Nice review. Thanks.

Off thread alert. What gear ratio are you running and what brand of rings are those shown?

Many thanks :thumbsup:


----------



## Rainman (Apr 18, 2004)

Thank you for the review, monogod.

I had been looking at that tensioner myself recently and was going to try one, but you saved me the trouble of doing so... :thumbsup:






R.


----------



## Sparticus (Dec 28, 1999)

Yeah, thanks for the cool review.
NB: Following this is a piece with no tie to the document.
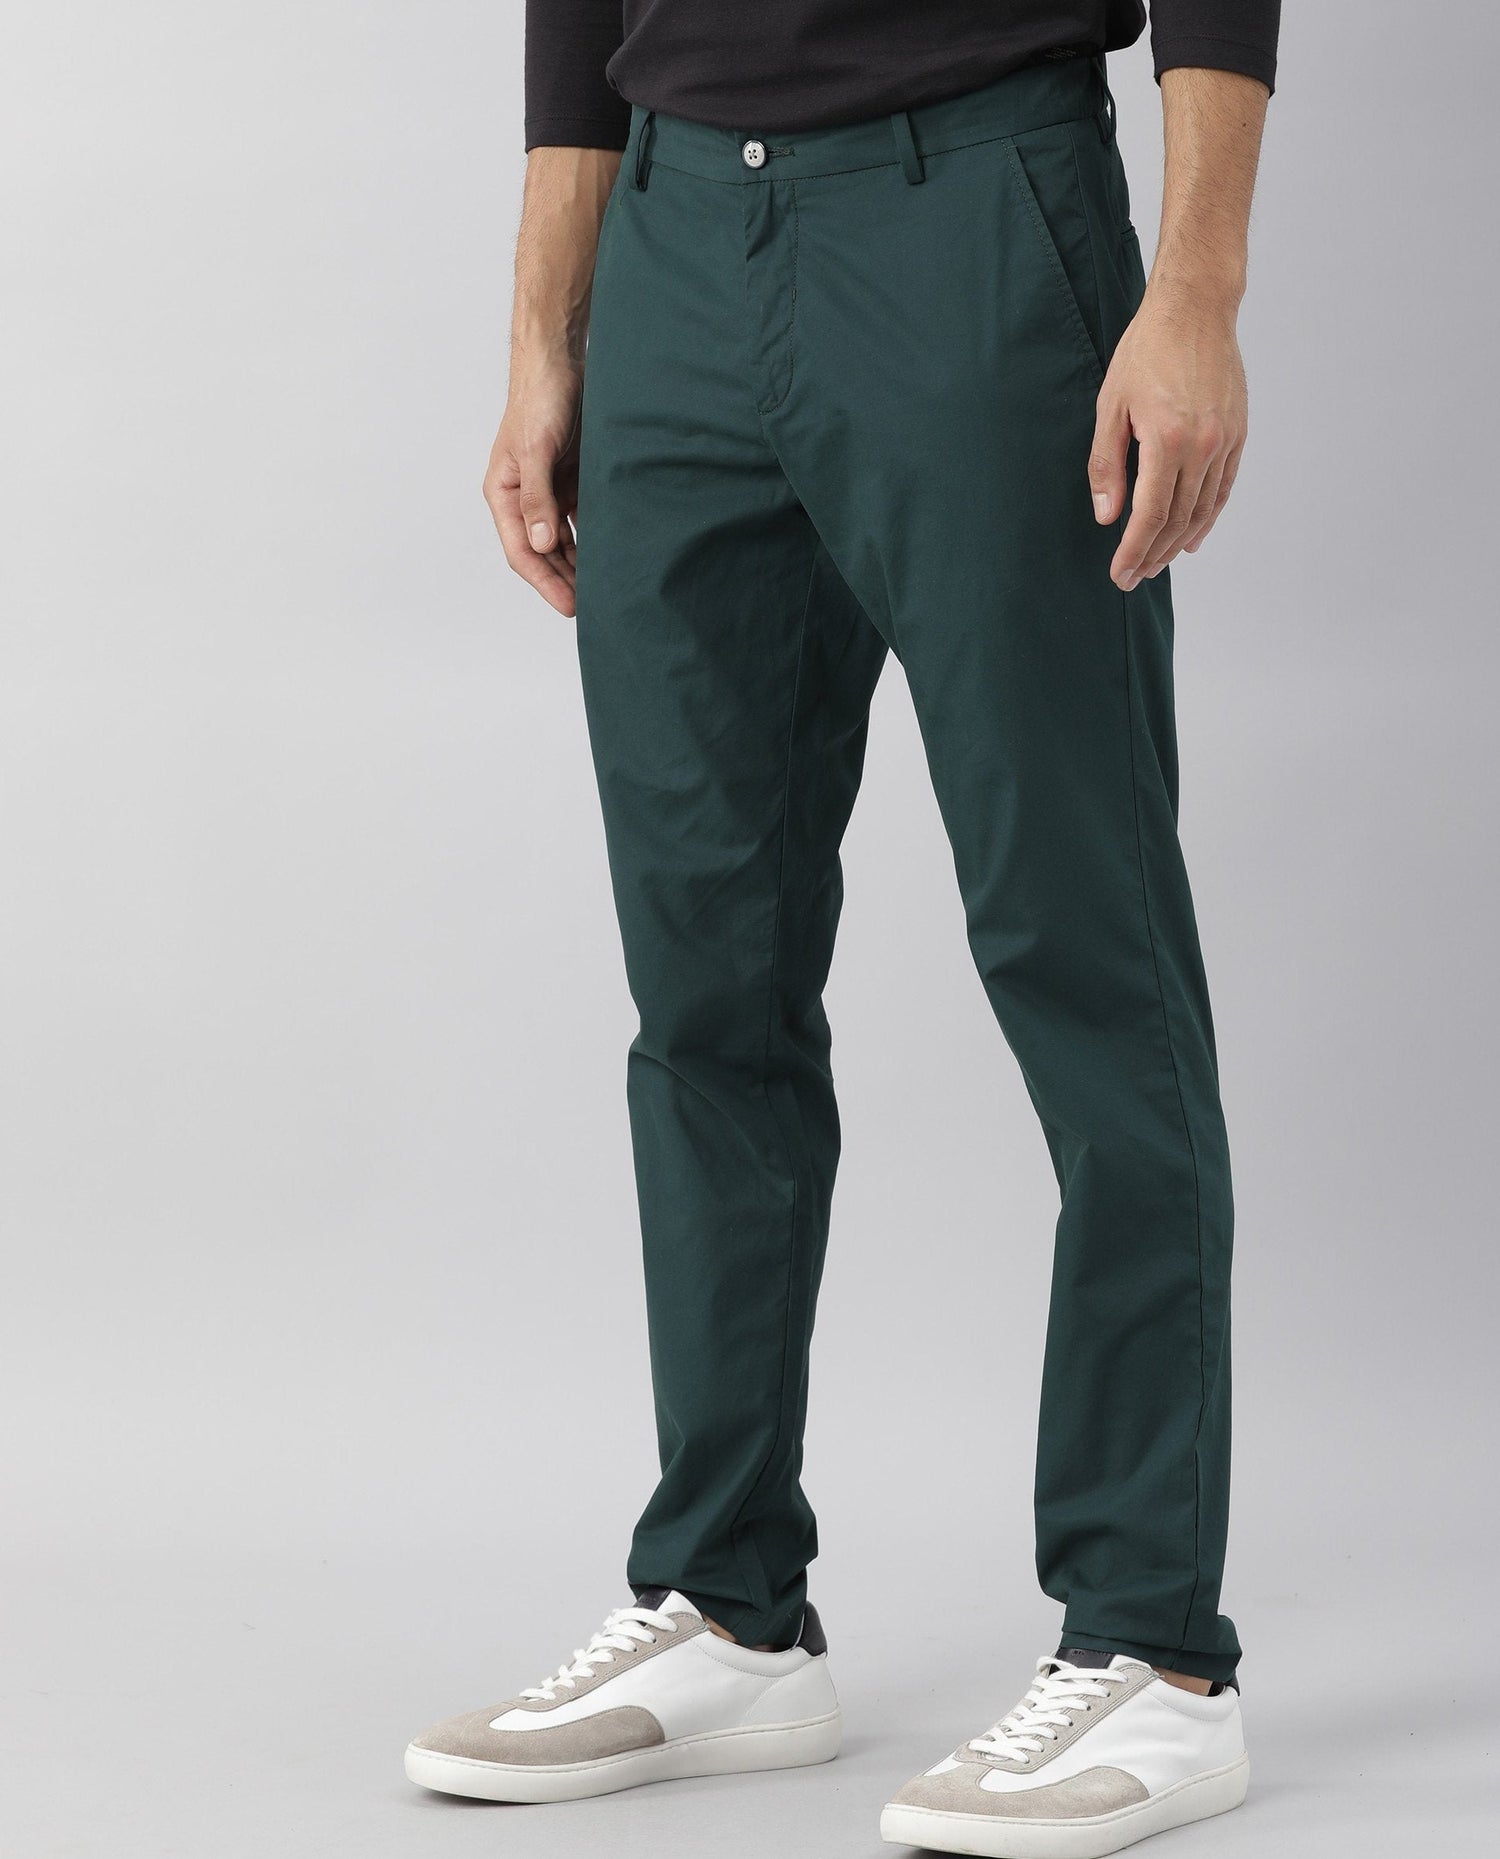 Rare Rabbit Men's Bake Green Solid Mid-Rise Regular Fit Trouser

That thing looks awesome... as tensioners go.

--Sparty


----------



## monogod (Feb 10, 2006)

ABQDave said:


> What gear ratio are you running and what brand of rings are those shown?



32/20 or 32/19

surly stainless steel chainring.

niner al cog. (surly stainless cog in the pic of the chain too long)
i generally run surly or king stainless cogs because i make short work out of aluminum ones. just didnt have a 20t handy (they're on other bikes) so i threw on the niner.


----------



## rob1035 (Apr 20, 2007)

I was thinking over the weekend, this YESS tensioner would probably work well on modern _road_ bikes with have similar BBs, wouldn't it?


----------



## monogod (Feb 10, 2006)

rob1035 said:


> I was thinking over the weekend, this YESS tensioner would probably work well on modern _road_ bikes with have similar BBs, wouldn't it?


absolutely! :thumbsup:


----------



## Speedub.Nate (Dec 31, 2003)

Monogod, hope you don't mind, but I'm going to latch on to your review with a few observations of my own.
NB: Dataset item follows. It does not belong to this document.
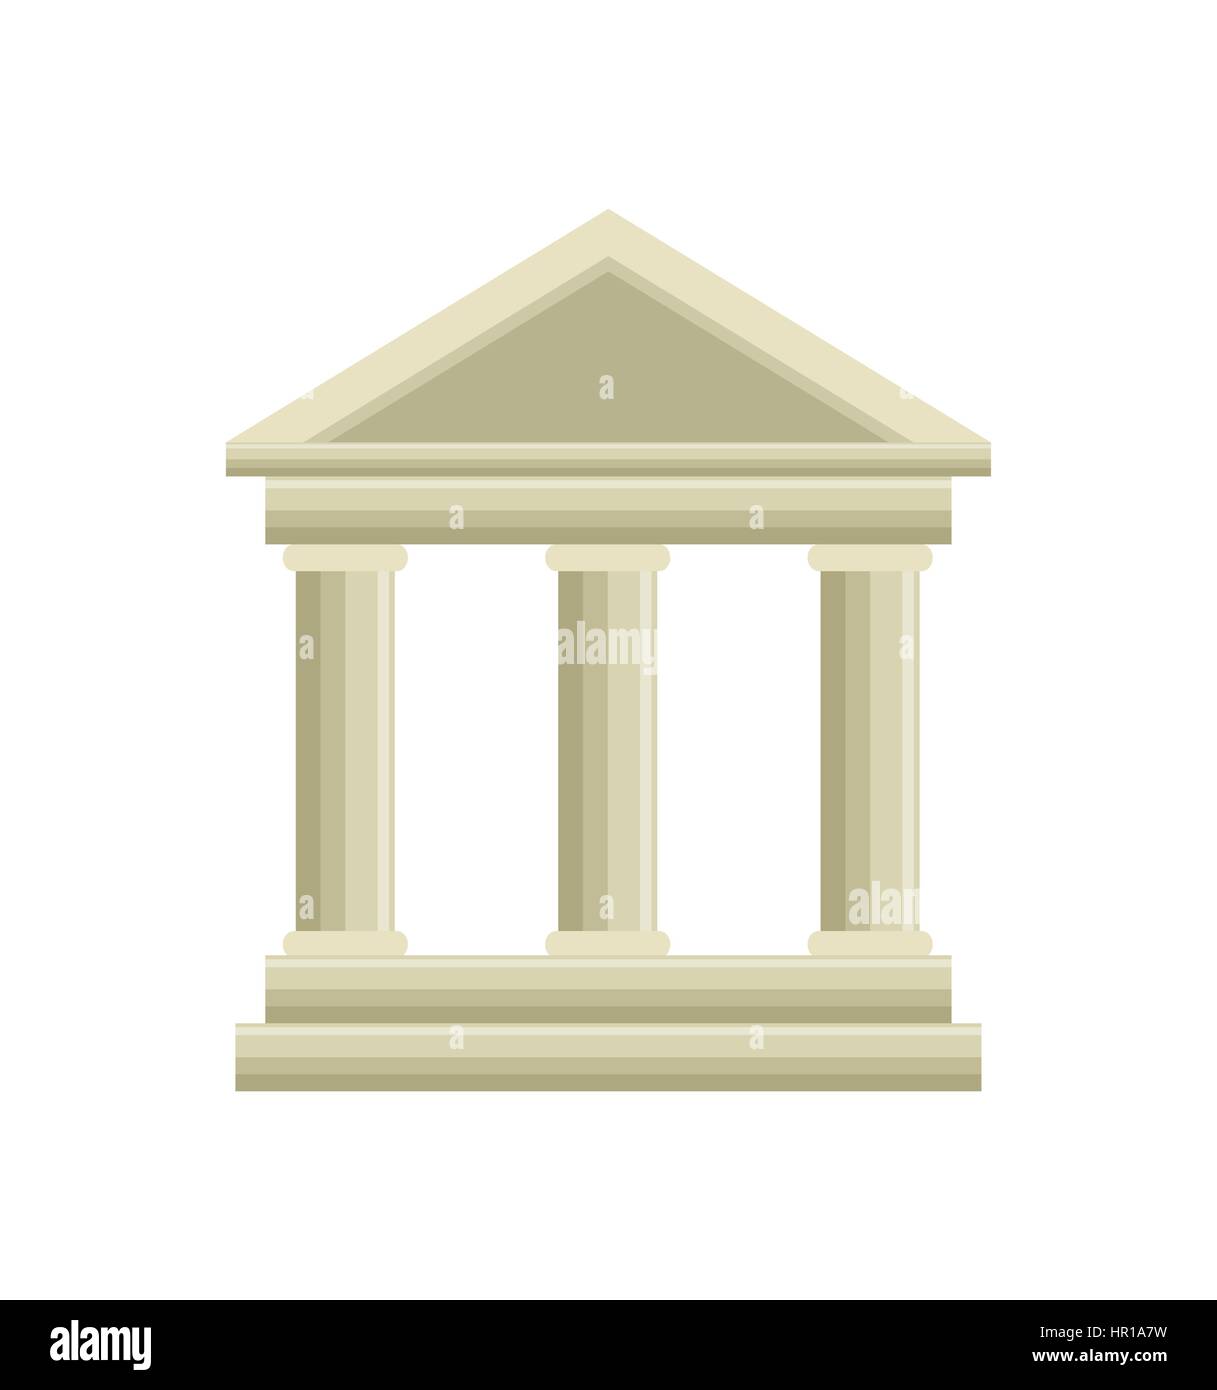 building roman columns icon Stock Vector

I recently installed a YESS ETR-B on a Cannondale MT2000 with a Speedhub.

I'm using square taper Shimano UN54 bottom bracket cartridges. The MT2000 frame has a 68mm shell width, and the ETR-B mounting bracket is exactly 2.5 millimeters thick. So it was a simple swap to a 73mm UN54 to make up for this difference, and maintain the original chainline.

Worth noting that the UN54 is not an E-type bottom bracket. It has a smaller flange than the external cup BB monogod shows in his photos. Despite this, once torqued to spec (50 ft-lbs) it hold on to the ETR-B rock solid.

Now for the problems.

*Problem #1 -* I had to be very close to the "magic combination" to remove any excess slack.

Rather than FixMeUp, I used the chain length calculator here: https://www.machinehead-software.co.uk/bike/chain_length/chainlengthcalc.html

Starting with 38x16, I had 0.6" excess chain (50" versus a theoretical 49.4" chain requirement). With this combo, the tensioner just about touched the chain to the chainstay. There was no way this combo was going to work. I simulated throwing a half-link in there (resulting in 0.1" of excess chain), and even this got a little closer to the chainstay than I would have expected.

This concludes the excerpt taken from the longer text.